- _Provided material_
*** Begin section ***
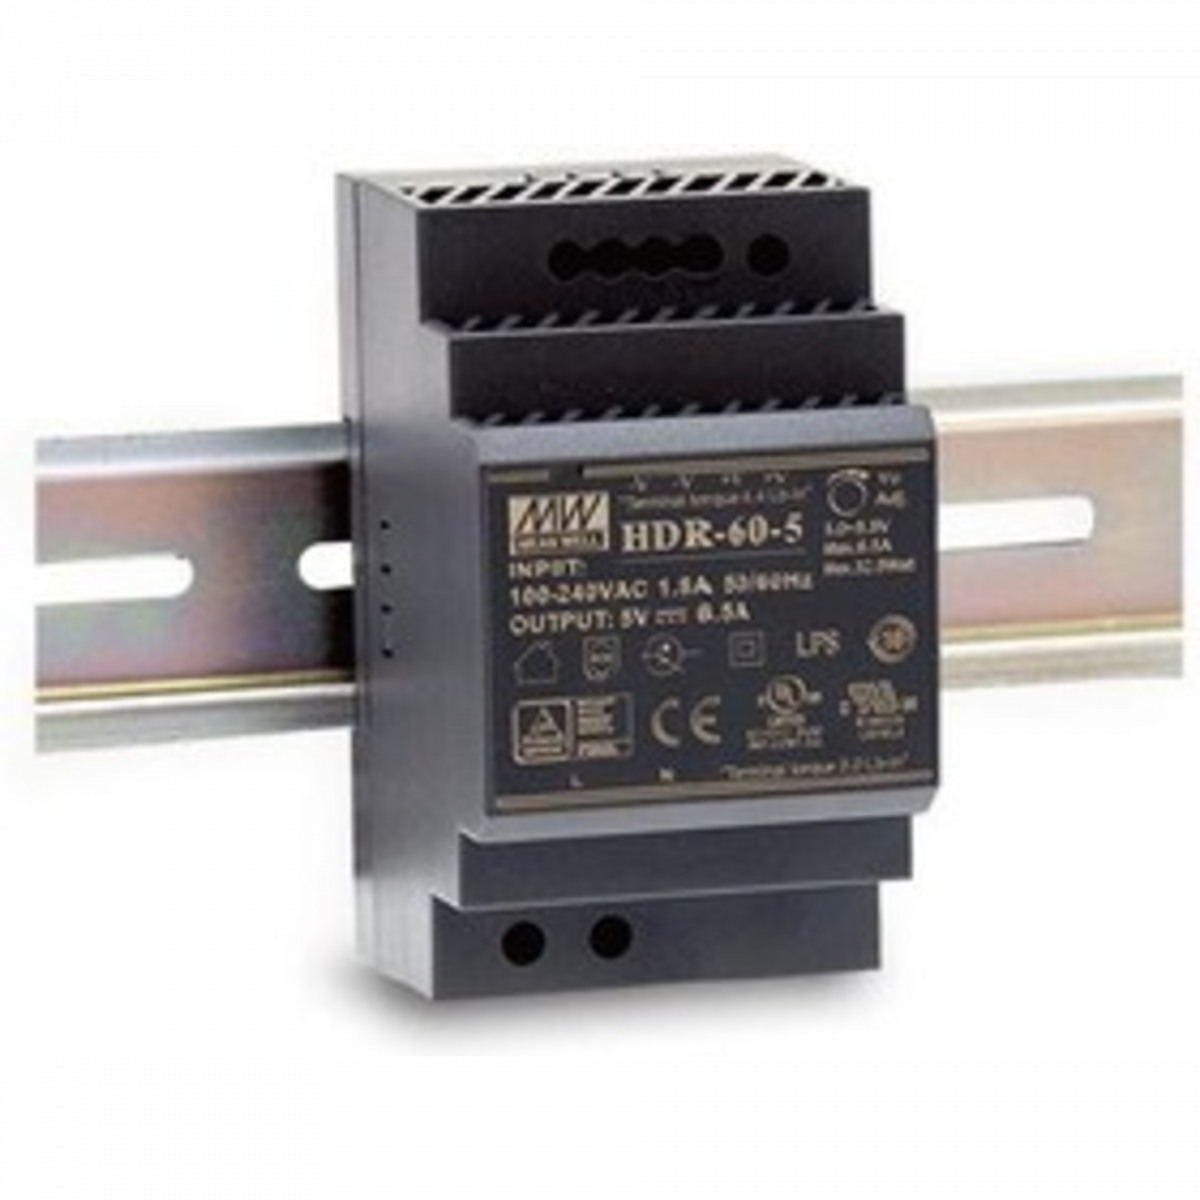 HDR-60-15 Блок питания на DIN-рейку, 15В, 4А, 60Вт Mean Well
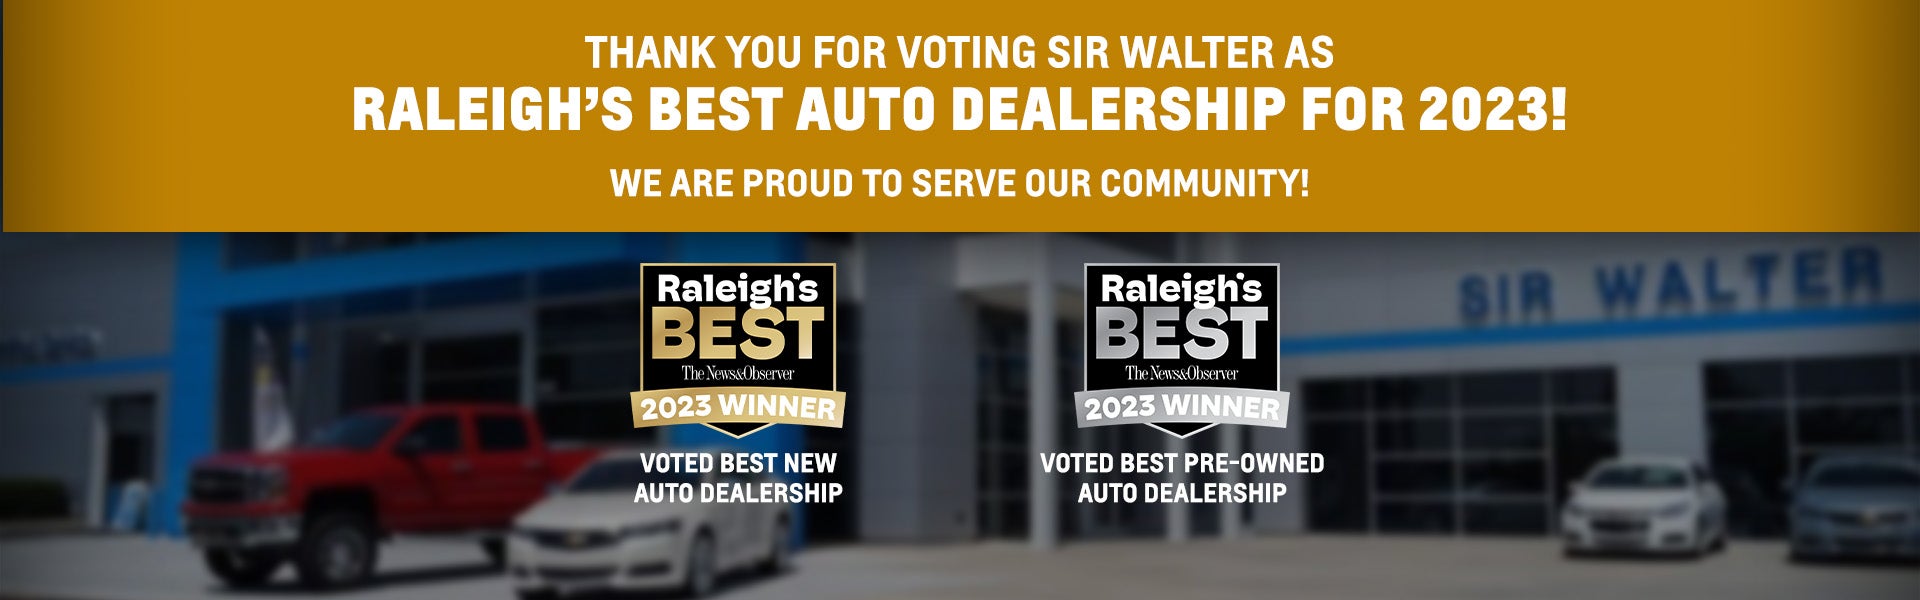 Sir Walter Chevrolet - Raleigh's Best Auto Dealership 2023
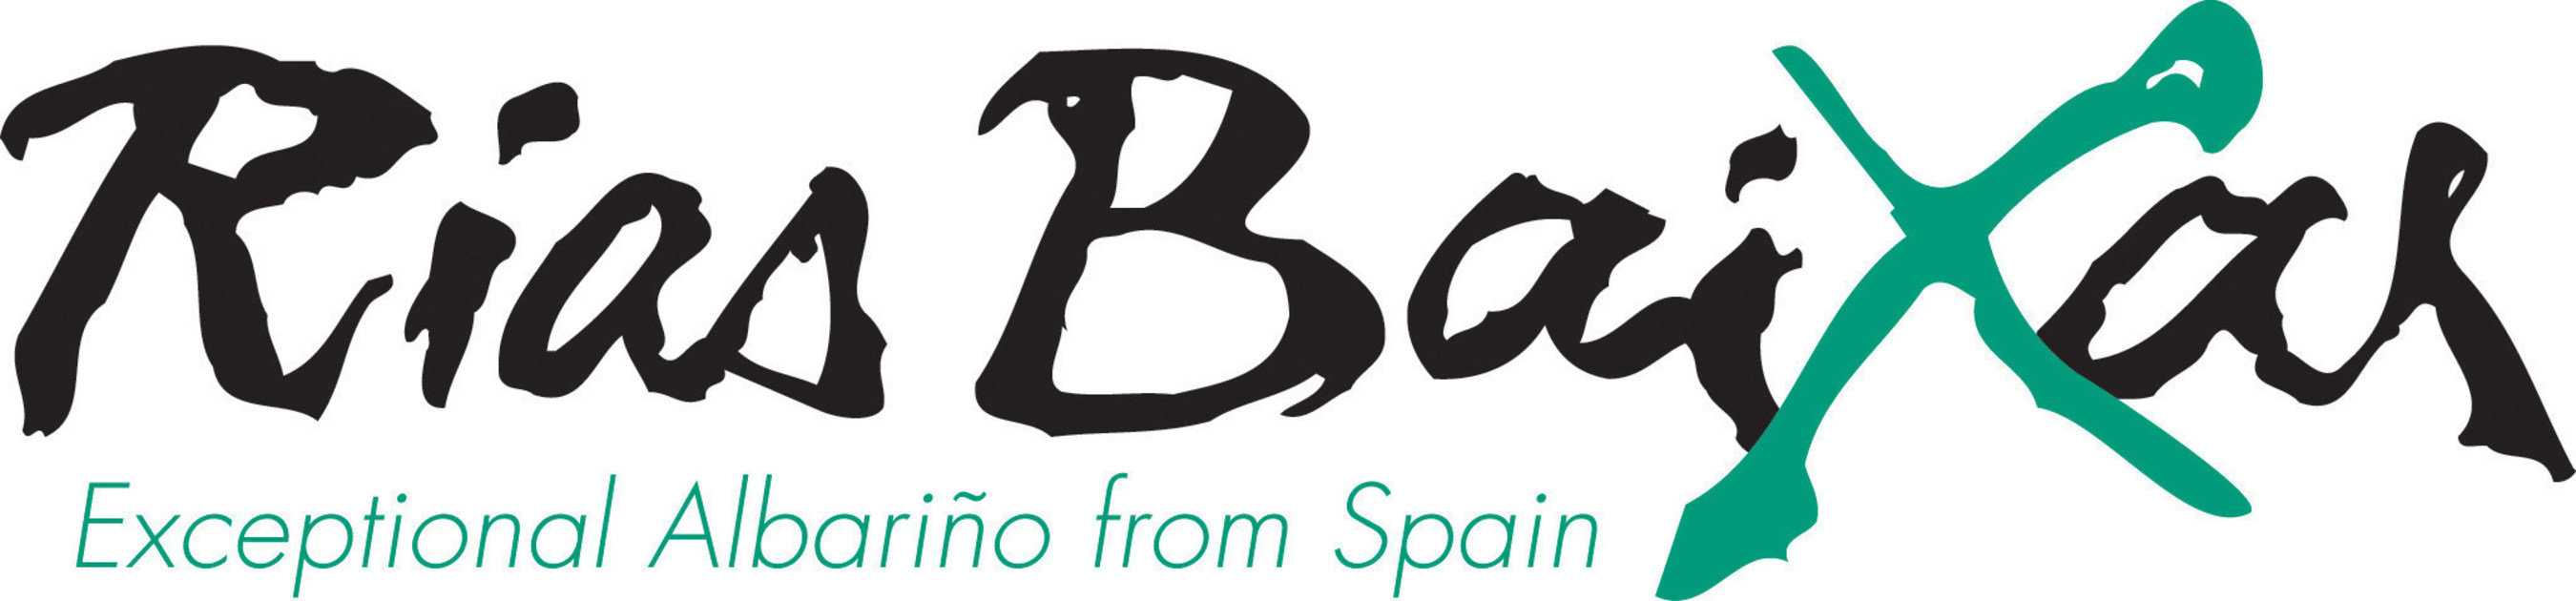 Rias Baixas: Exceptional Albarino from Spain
*** End section ***
- _What is needed_
Please copy the data above exactly; the pictures do not belong in the copy.

- _Expected answer_
 HDR-60-15 Блок питания на DIN-рейку, 15В, 4А, 60Вт Mean Well
 Sir Walter Chevrolet - Raleigh's Best Auto Dealership 2023
 Rias Baixas: Exceptional Albarino from Spain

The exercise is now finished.